FredHutch / Galeano-Nino-Bullman-Intratumoral-Microbiota_2022

Analysis code used in Galeano Nino et al., Impact of Intratumoral Microbiota on Spatial and Cellular Heterogeneity in human cancer. 2022
MIT License
33 stars 10 forks source link

Galeano-Nino-Bullman-Intratumoral-Microbiota-2022

DOI

Analysis code used in Galeano Nino et al., Effect of the intratumoral microbiota on spatial and cellular heterogeneity in cancer. 2022

The code in this repository is organized to reflect the description in the Methods section of Galeano Nino et al., Effect of the intratumoral microbiota on spatial and cellular heterogeneity in cancer. 2022.
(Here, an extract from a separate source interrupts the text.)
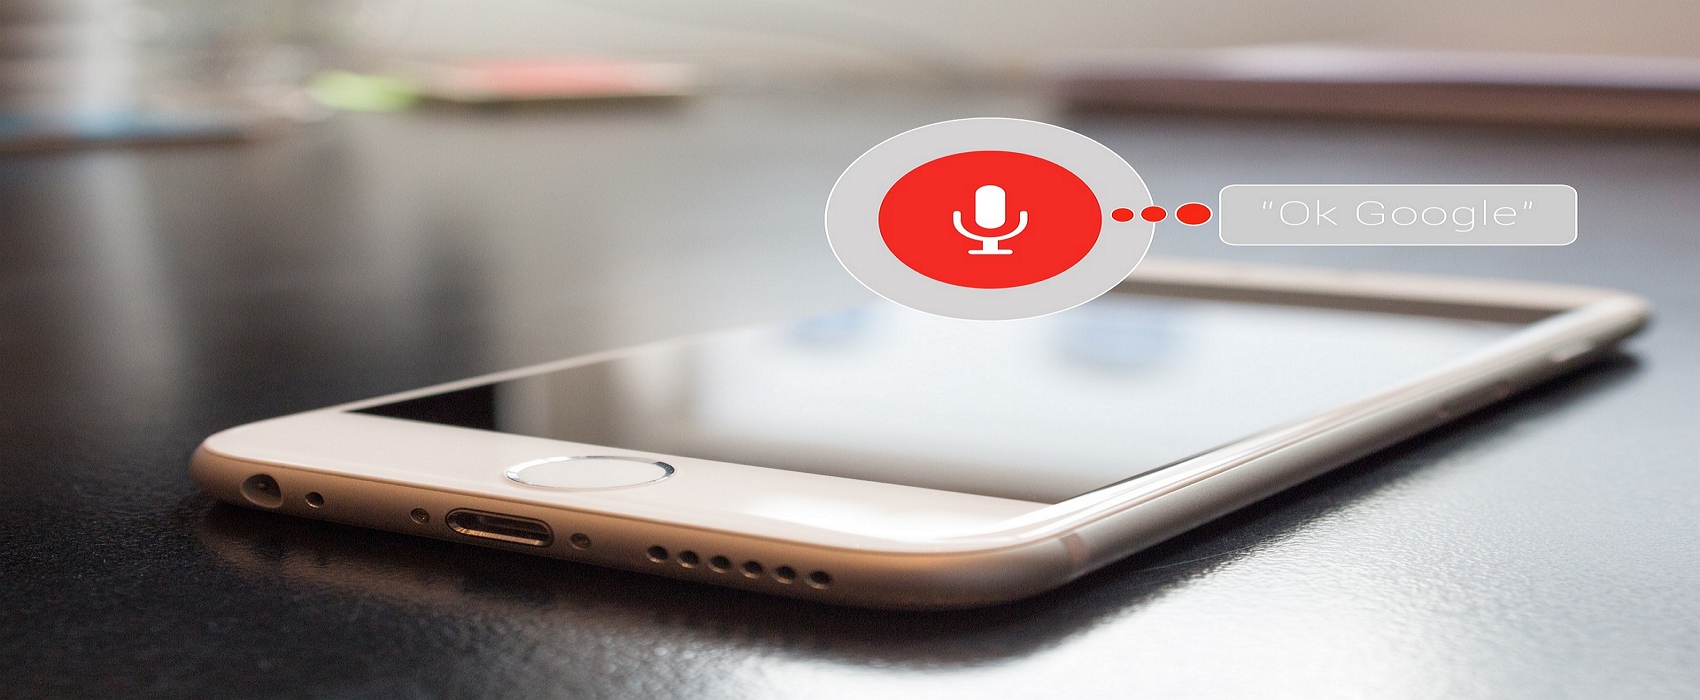 Futura vous dévoile la procédure à suivre pour désactiver l’assistant vocal de Google sur votre smartphone. © Kaufdex from Pixabay.com
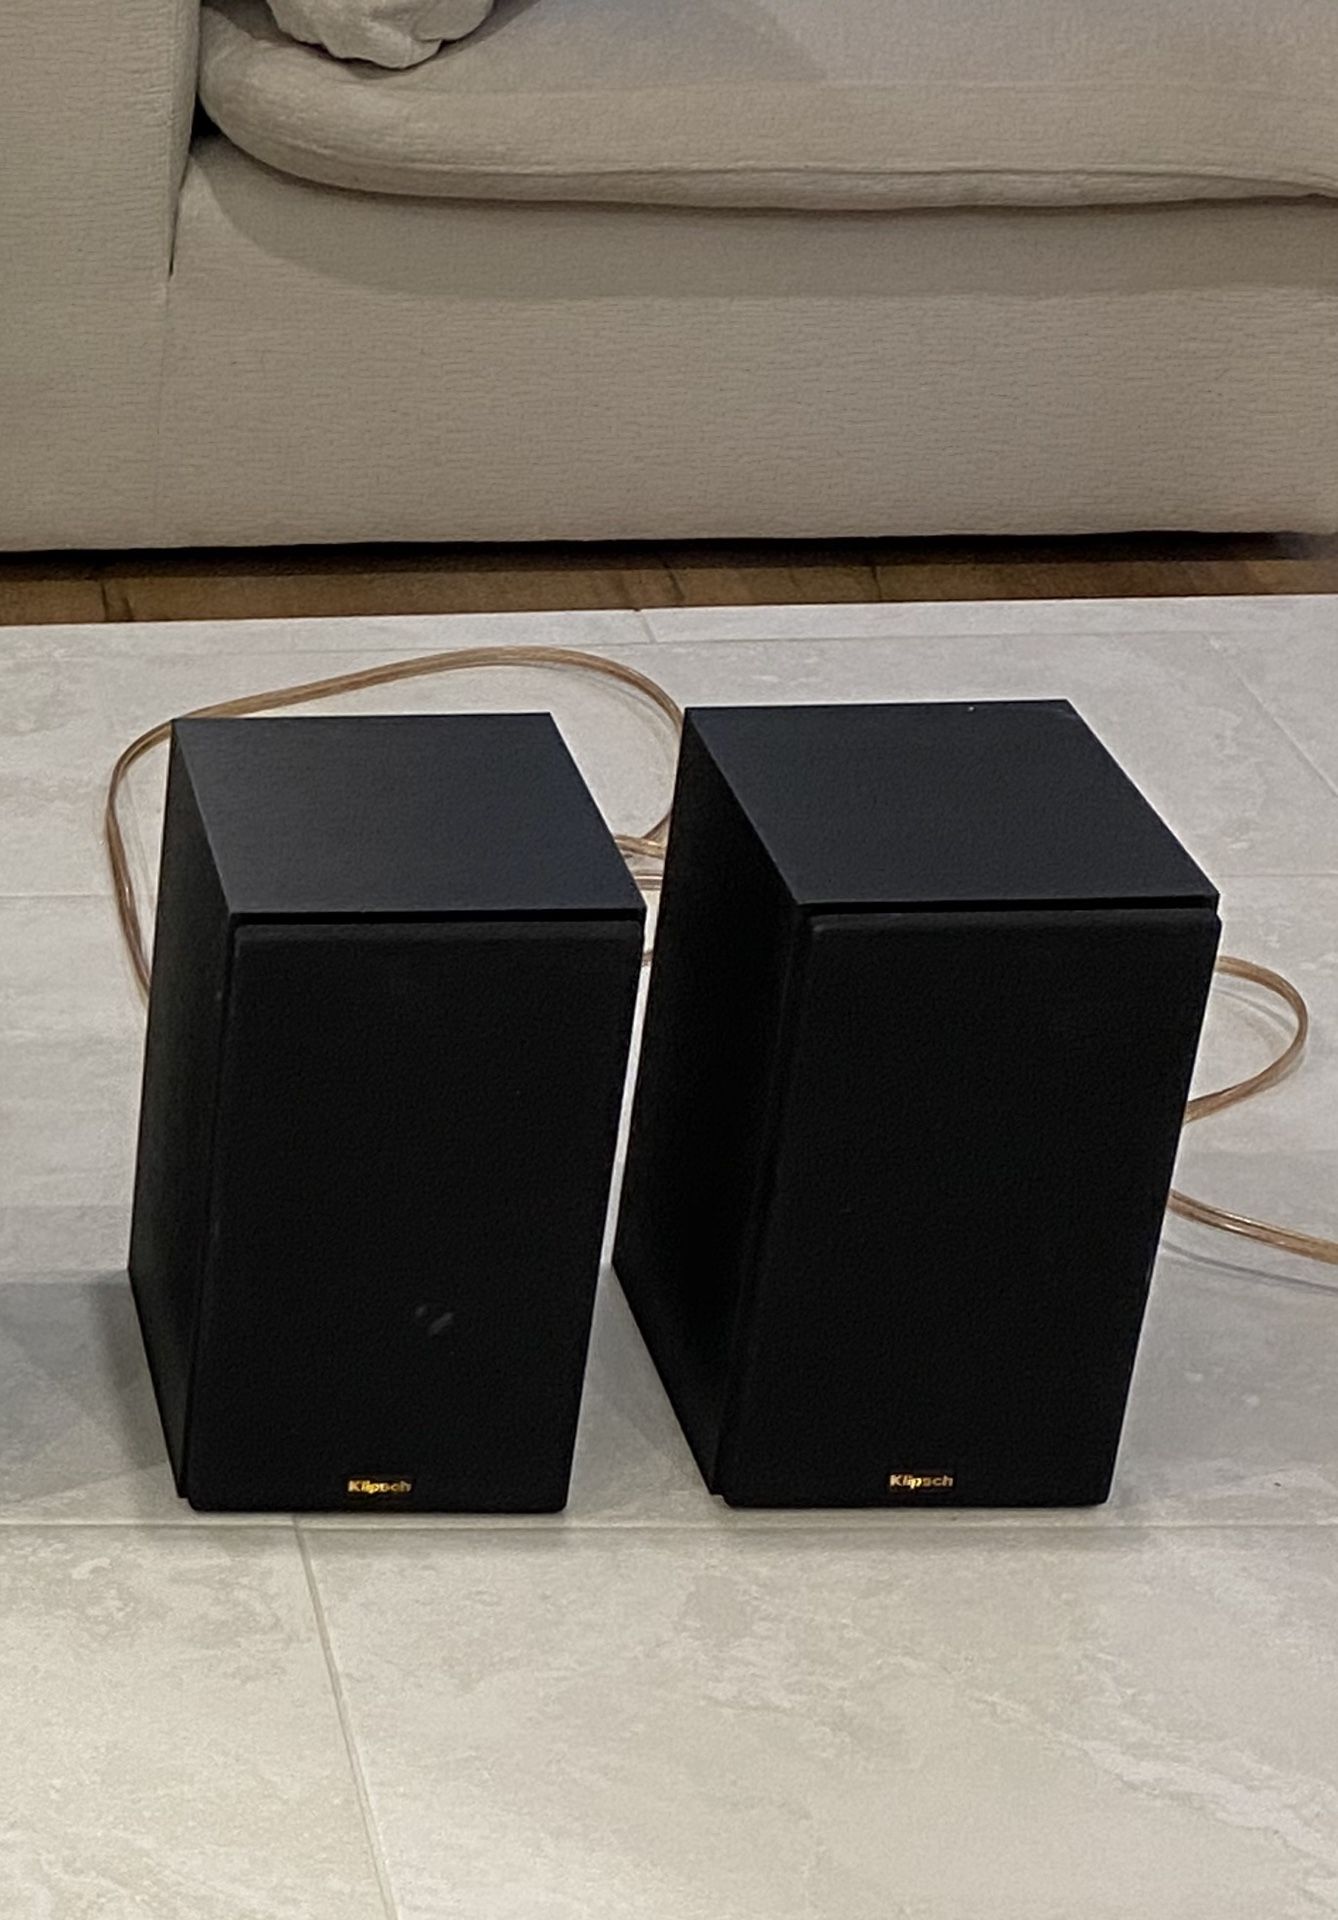 Klipsch R-14m (2 speakers)

10X Visium Scans for CRC and OSCC samples

10X Visium Scans associated with manuscript submission are uploaded to AWS and Zenodo.

Tiff files can be accessed via: https://fh-pi-bullman-s-eco-public.s3.us-west-2.amazonaws.com/DataTransfer/Galeano_Nino_et_al_visium_scans/CRC_OSCC_visium_tiff.tar.gz and https://doi.org/10.5281/zenodo.7419806

Please note for sample CRC_16, the slide id is V10S15-020 and area code is D1; for sample OSCC_2, the slide id is V11A07-022 and area code is A1.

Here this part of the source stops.